Aleksandr Semyonovich Kronrod (; October 22, 1921 – October 6, 1986) was a Soviet mathematician and computer scientist, best known for the Gauss–Kronrod quadrature formula which he published in 1964. Earlier, he worked on computational solutions of problems emerging in theoretical physics. He is also known for his contributions to economics, specifically for proposing corrections and calculating price formation for the USSR. Later, Kronrod gave his fortune and life to medicine to care for terminal cancer patients. Kronrod is remembered for his captivating personality and was admired as a student, teacher and leader.

He is the author of several well known books, including "Nodes and weights of quadrature formulas. Sixteen-place tables" and "Conversations on Programming". A biographer wrote Kronrod gave ideas "away left and right, quite honestly being convinced that the authorship belongs to the one who implements them."

Education
Kronrod was born in Moscow. Growing up, he studied math with D. O. Shklyarsky in school and in 1938 entered the Department of Mechanics and Mathematics at Moscow State University. He did his first independent mathematical work as a freshman with Professor Alexander Gelfond. Kronrod was honored as a student with the first prize of the Moscow Mathematical Society and was the only person to win the prize twice.

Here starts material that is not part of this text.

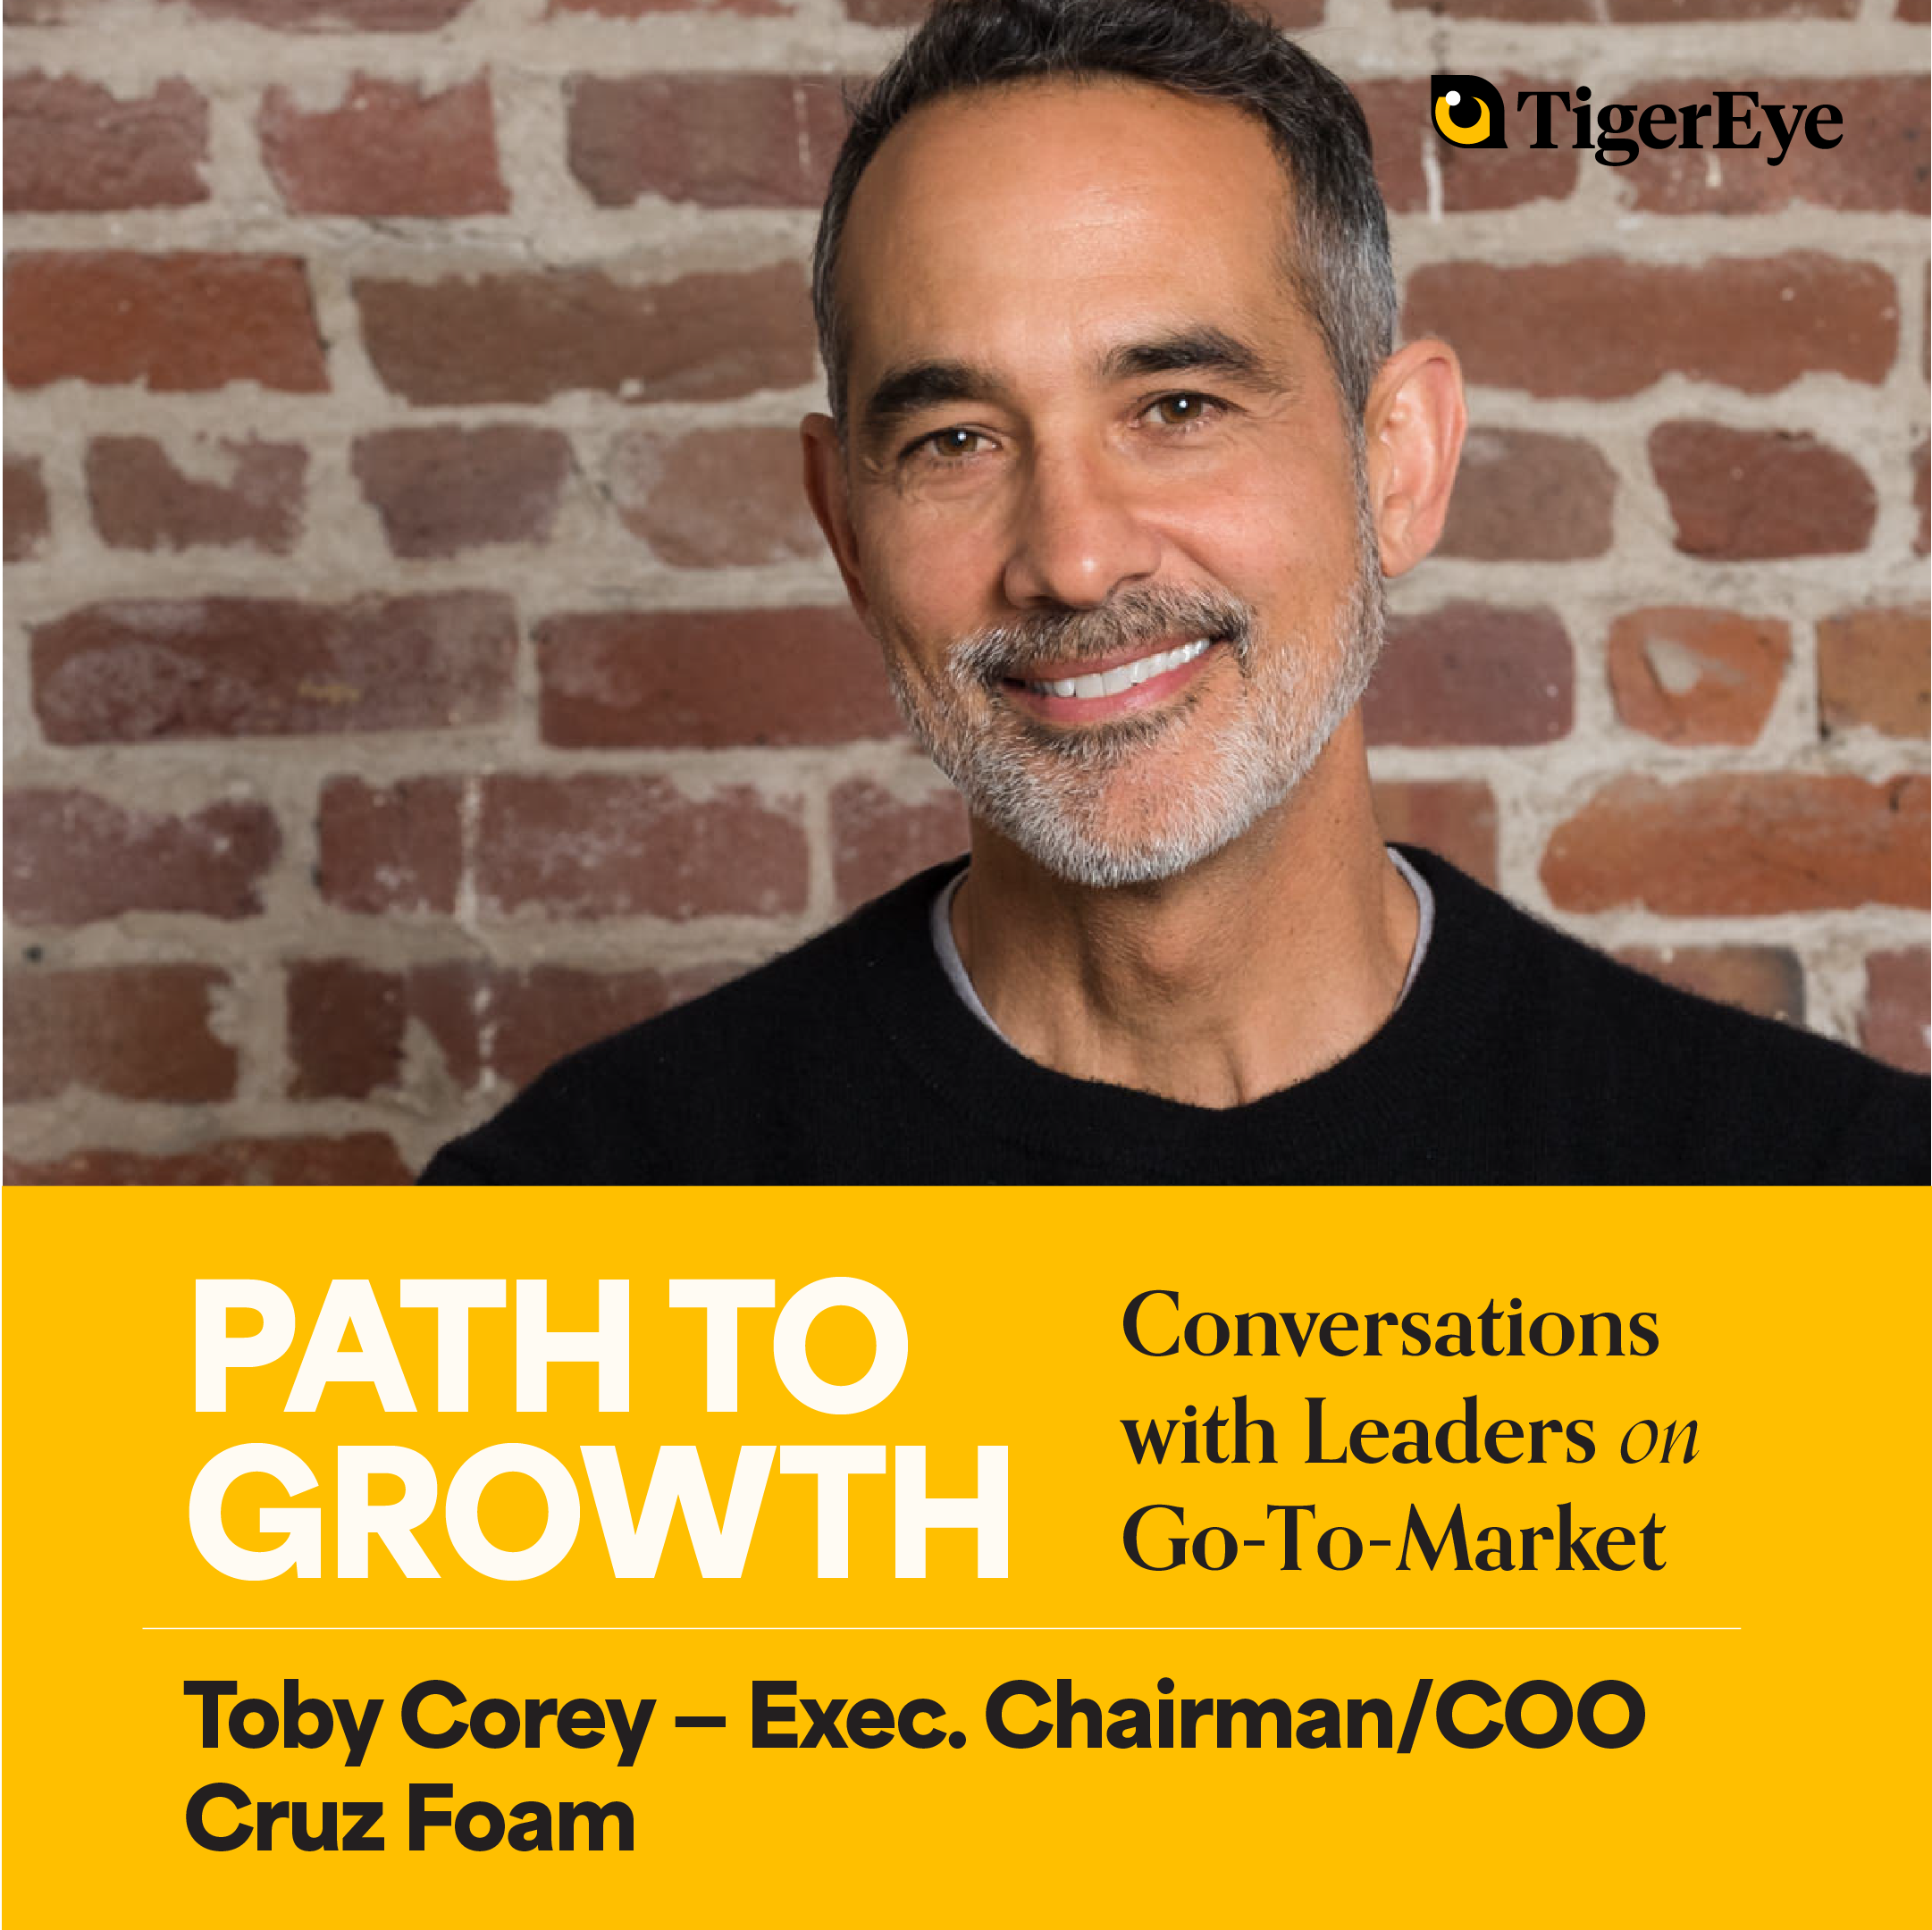 Toby Corey - Exec. Chairman/COO - Cruz Foam | Building for Sustainability & Impact

During World War II he was rejected for military service because at the time graduate level students were exempt. They did help to build trenches around Moscow, and when he returned, Kronrod reapplied and was accepted. He served twice, and was injured twice. He was awarded several medals, including Order of the Red Star. The second injury in 1943 hospitalised him for a year and he was discharged from the army in 1944. This injury made him an invalid of sorts for life.

Kronrod was married and about this time his son was born. During next four years he continued his studies at the University, simultaneously working at the Atomic Energy Kurchatov Institute. There he chose to leave pure mathematics and pursue computational mathematics.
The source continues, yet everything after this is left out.